British concert pianist

Mark Bebbington (born 17 January 1962) is a British concert pianist. He is a notable advocate of British music.

==Biography==
Mark Bebbington studied at the Royal College of Music with Kendall Taylor and Phyllis Sellick and later in Italy with Aldo Ciccolini.
As an advocate of British music, he has given premieres in concert and on CD of major works by Vaughan-Williams, Arthur Bliss, William Mathias, Ivor Gurney and John Ireland.

Mark has recorded widely for Somm label, including complete cycles of Frank Bridge and John Ireland; both of these cycles, consisting of seven CDs, have received consecutive sets of five-star reviews in BBC Music Magazine.

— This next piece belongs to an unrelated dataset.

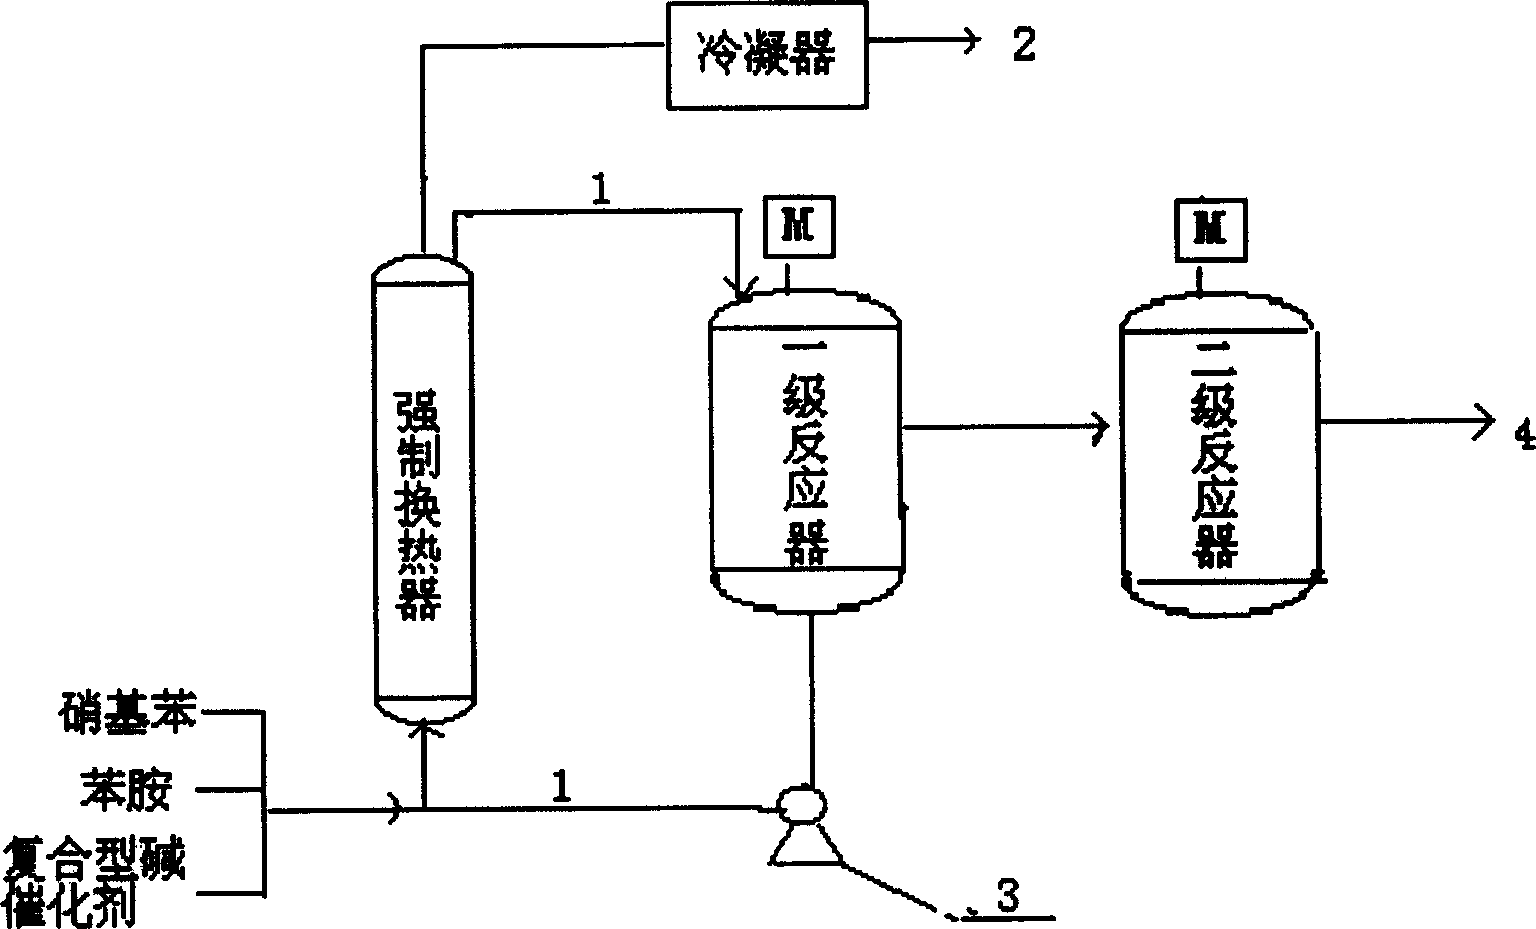 Method for synthesizing 4-nitro diphenylamine and 4-nitroso diphenylamine or/and their salts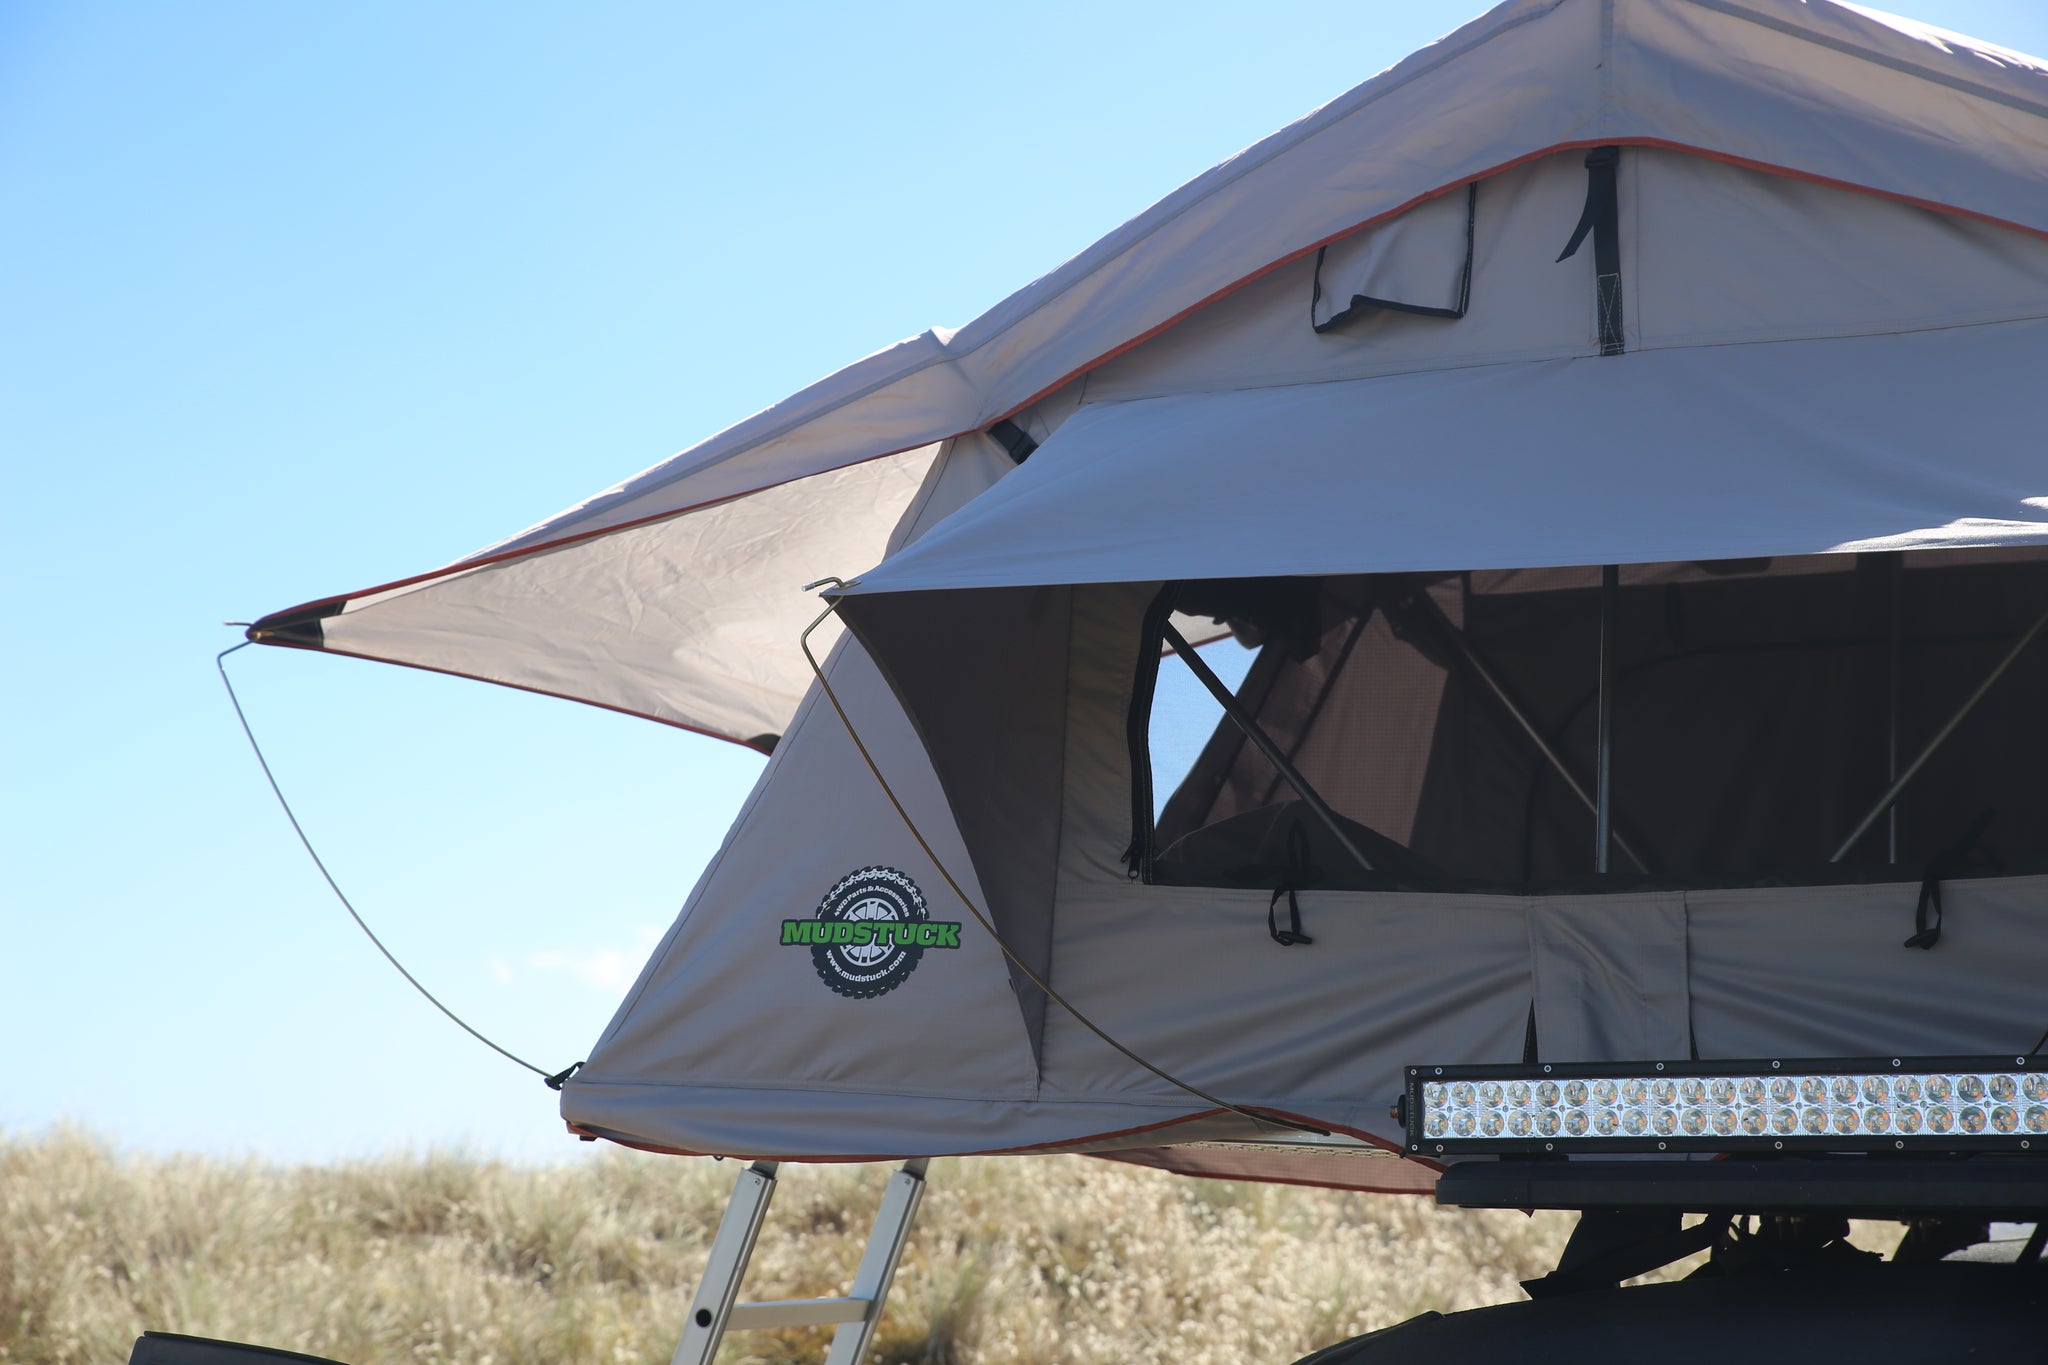 Landcruiser 100 series with Mudstuck Roof Top tent

He has also recorded works by Francis Poulenc on the Resonus Classics label, earning a Gramophone Magazine ‘Editor’s Choice’. In addition, Mark has the distinction of being the first pianist to be invited to record at Birmingham's Symphony Hall.

Over recent seasons, he has toured extensively throughout Central and Northern Europe, the Far East and North America, and has performed with the Czech National, Flanders, London Philharmonic, Philharmonia and Royal Philharmonic orchestras and the London Mozart Players. As a recitalist, he makes regular appearances at major UK and international festivals. Bebbington made his Carnegie Hall debut with Leon Botstein and the American Symphony Orchestra playing Richard Strauss’s Parergon in 2014.